After the synopsis of Prometheus was revealed in 2011, writer Damon Lindelof had an MTV interview in which he described David's primary function as the robotic, non-human observer. When Prometheus was released, Lindelof said that David's apathy as a synthetic is a central theme of the film; while his human architects search for their creators, he is disillusioned at being confined by them since he considers himself superior. Michael Fassbender, director Ridley Scott's first choice for the role, was cast as David in January 2011. Instead of borrowing elements of the synthetic characters in the previously released Alien films, Fassbender studied the replicant character Rachel in Scott's 1982 science-fiction film Blade Runner and based his voice on the HAL 9000 computer in 2001: A Space Odyssey and his movement on Olympic diver Greg Louganis, David Bowie in The Man Who Fell to Earth, Dirk Bogarde in The Servant and Peter O'Toole in Lawrence of Arabia. Fassbender, receiving unanimous critical acclaim for his portrayal of David, was nominated for Best Supporting Actor by the London Film Critics' Circle and the Saturn Awards.

===Meredith Vickers===
Meredith Vickers (Charlize Theron), an upper-level employee of the Weyland Corporation, is Peter Weyland's estranged daughter and joins the Prometheus expedition as a corporate overseer. After the ship settles down in 2093, she explains her lack of faith in the mission to Shaw and Holloway. While monitoring spectagraphs (sensors deployed by Sean Fifield), Vickers is seduced by Janek in her quarters. She collaborates with David, who gives her a feed of his mission to explore the secrets of the Juggernaut, but is denied access since he is directed by Peter Weyland. When Holloway becomes infected Vickers bars him from the ship and, at his insistence, incinerates him with a flamethrower.

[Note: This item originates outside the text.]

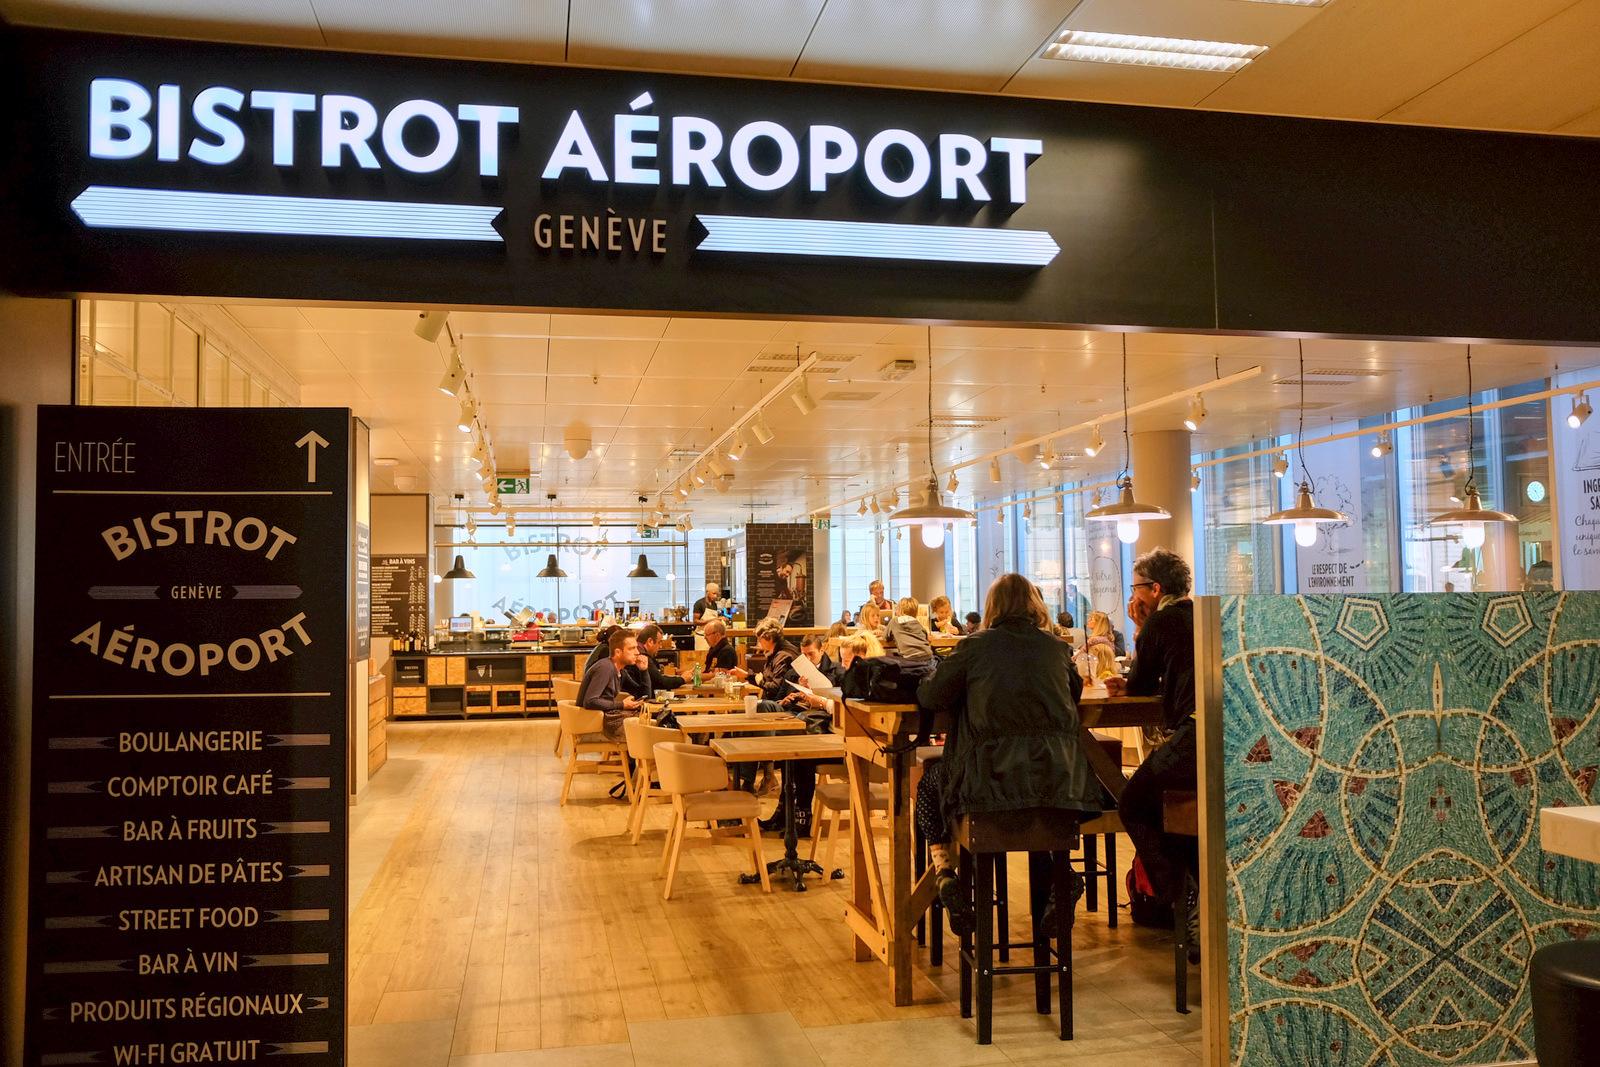 Bistrot Geneve @ Geneva Airport, Seafood Bar @ Oslo Airport & Obwarzanki @ Krakow Airport

As Weyland prepares to meet the Engineer, she warns him that "a king has his reign, and then he dies". After seeing her father's death on a live feed, Vickers orders the Prometheus to return to Earth but Shaw convinces Janek to ram the Prometheus into the embarking Engineer ship. Realizing that she cannot escape, Vickers and her life-support unit are jettisoned to LV-223's surface. Shortly after landing she is caught in the path of the rolling Engineer ship, which crushes her.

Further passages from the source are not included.